**Aim of the task**
Leaving out the pictures, retype the lines from the top of the listing through the line with "Bł. Maria Angela" exactly.
### Provided material
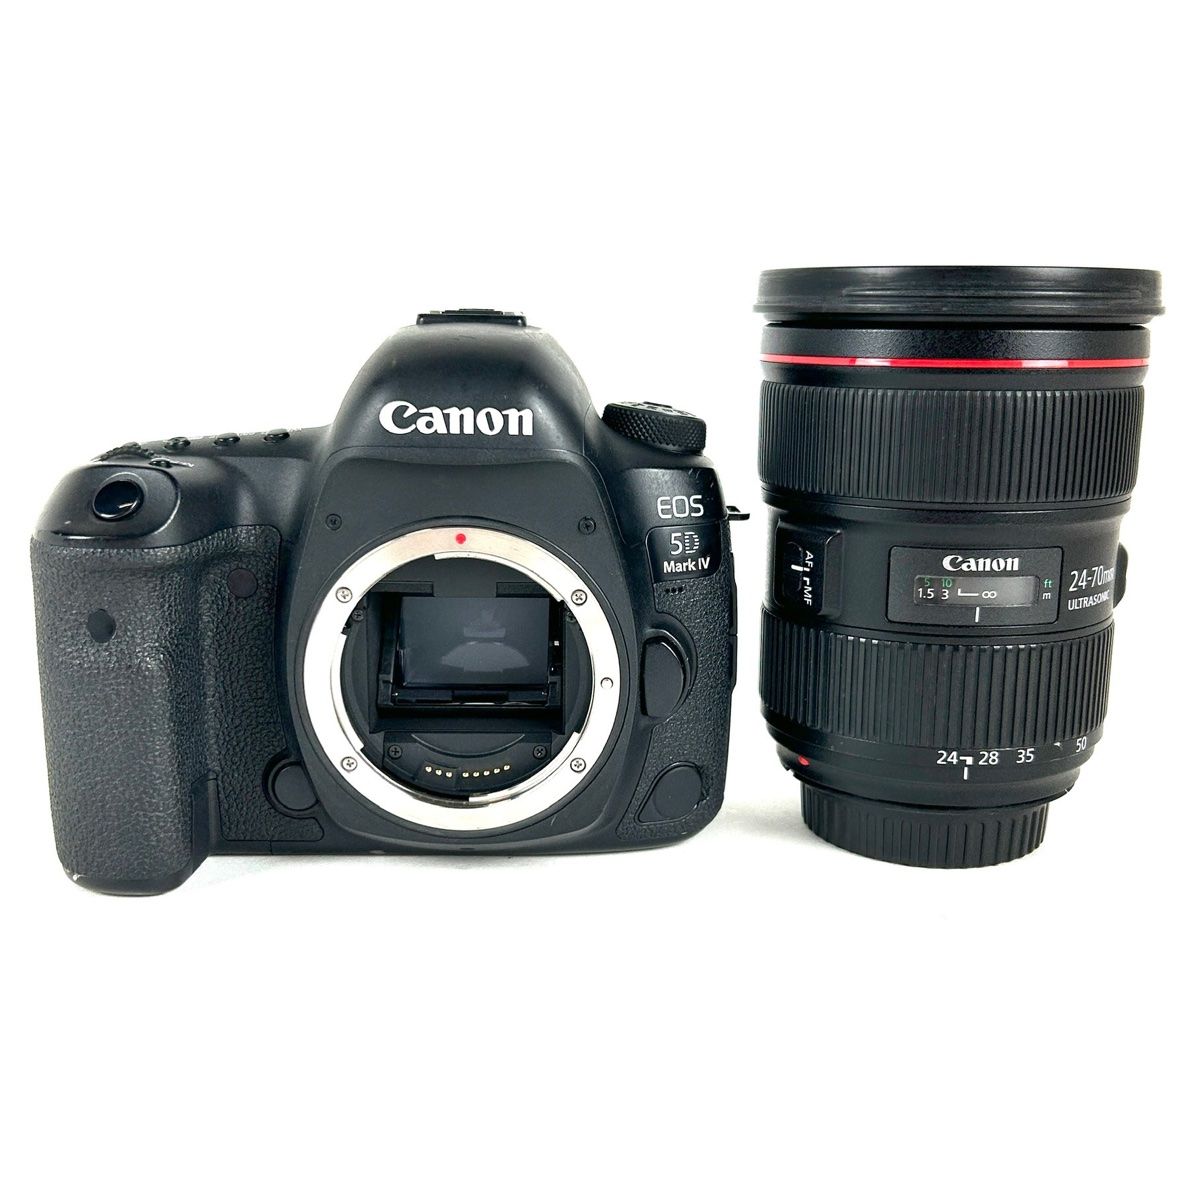 キヤノン Canon EOS 5D Mark IV EF 24-70L II USM レンズキット
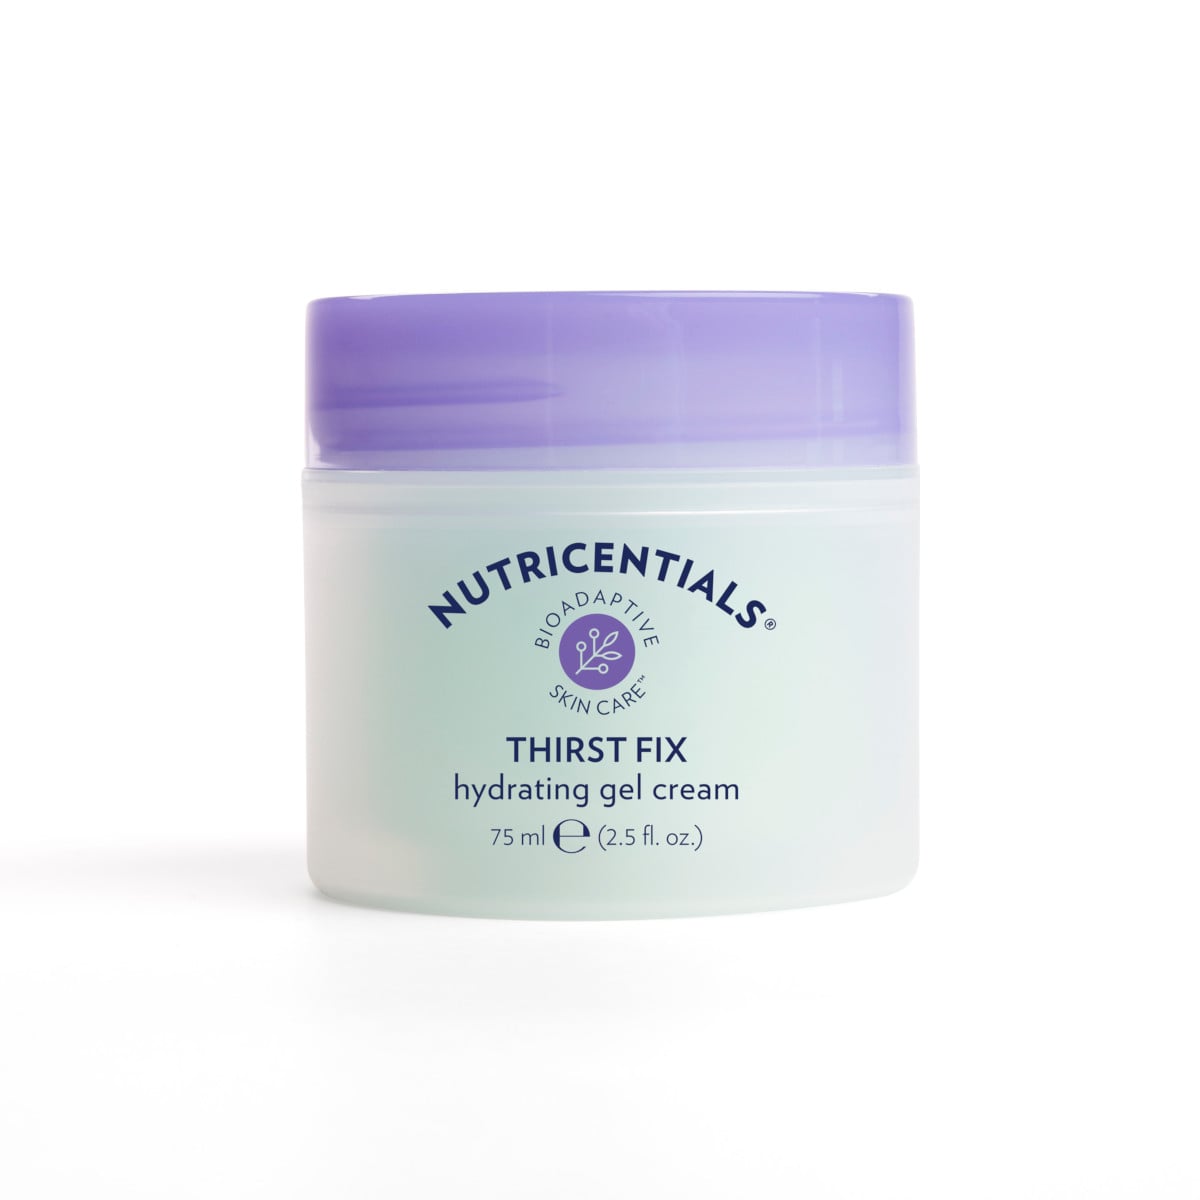 Produktfotografie. Front: Nutricentials (Bioadaptive Skincare) Thirst Fix Hydrating Gel Cream (Dose mit Schraubverschluss, je 75ml)
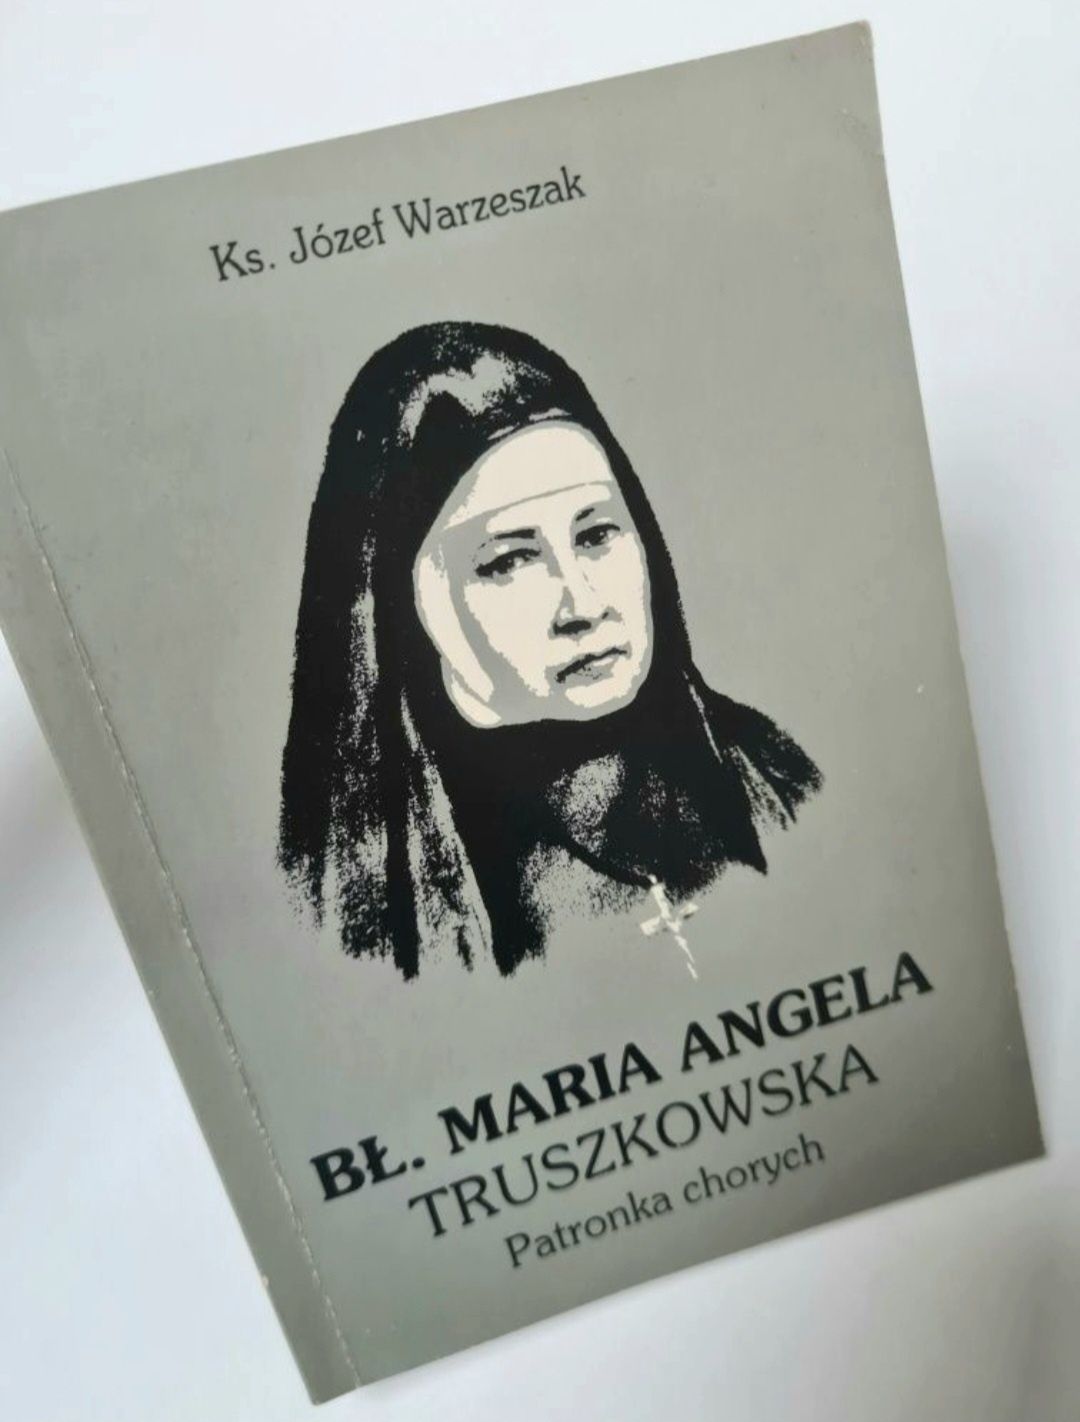 Bł. Maria Angela Truszkowska patronka chorych - Ks. Józef Warzeszak
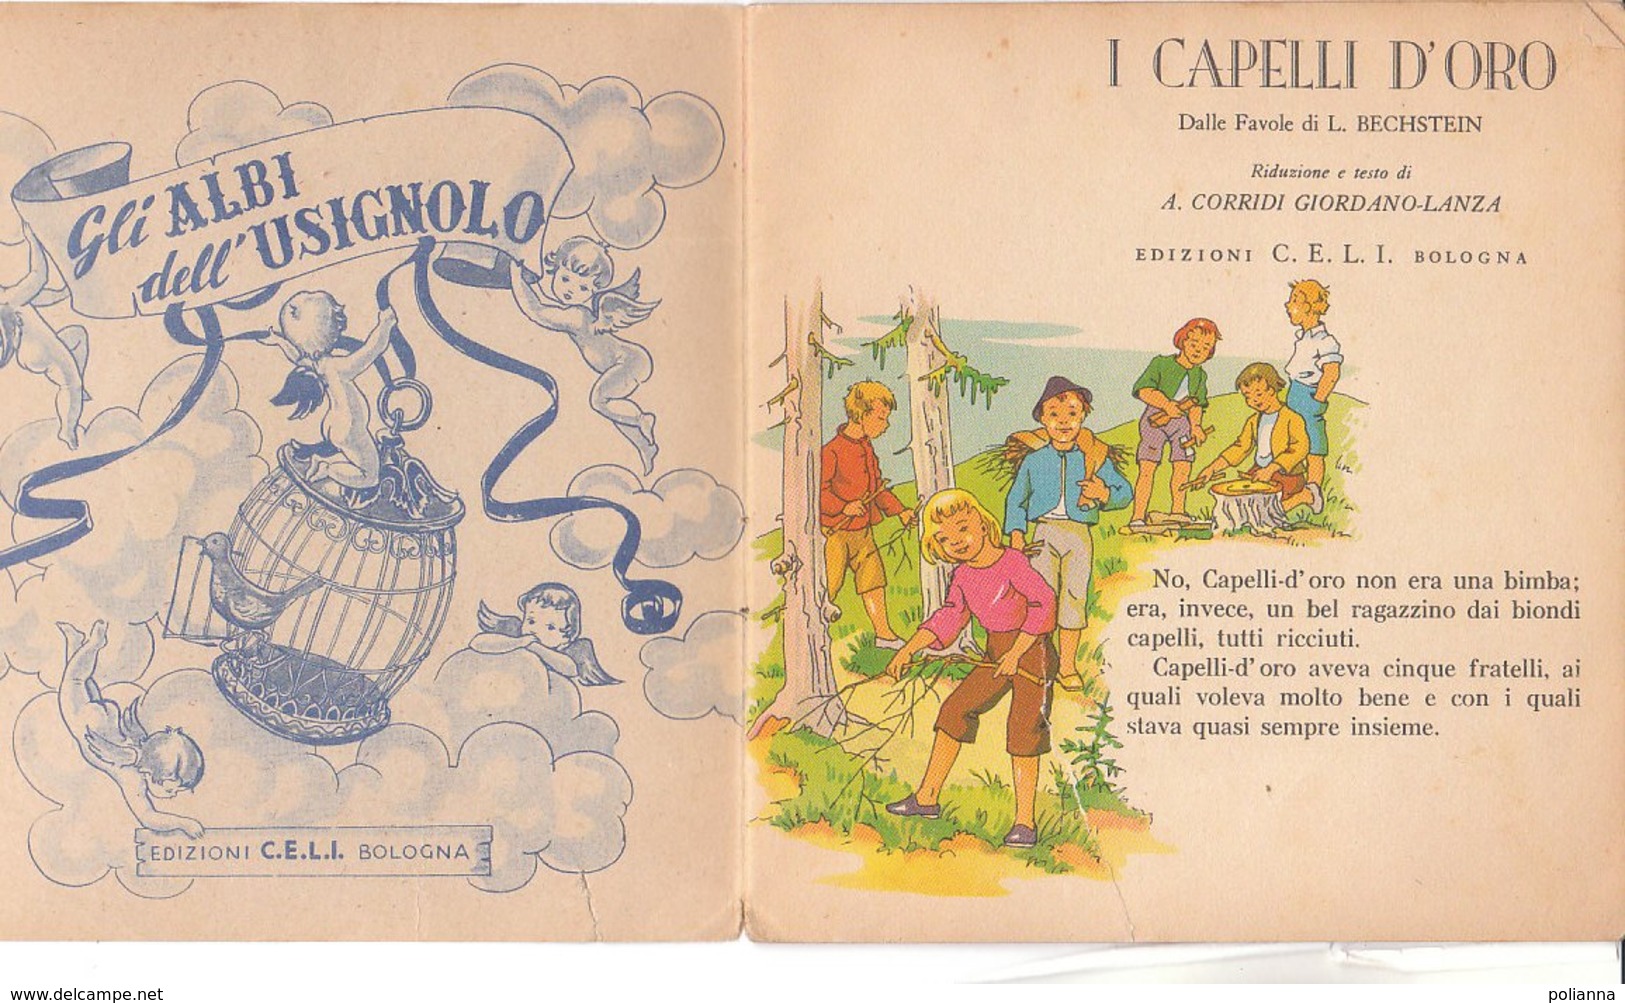 M#0V70 Albo Illustrato Collana Dell'Usignolo : Bechstein I CAPELLI D'ORO Ed. C.E.L.I.anni '50 - Oud
######
**Output for this task**
 キヤノン Canon EOS 5D Mark IV EF 24-70L II USM レンズキット
 Produktfotografie. Front: Nutricentials (Bioadaptive Skincare) Thirst Fix Hydrating Gel Cream (Dose mit Schraubverschluss, je 75ml)
 Bł. Maria Angela Truszkowska patronka chorych - Ks. Józef Warzeszak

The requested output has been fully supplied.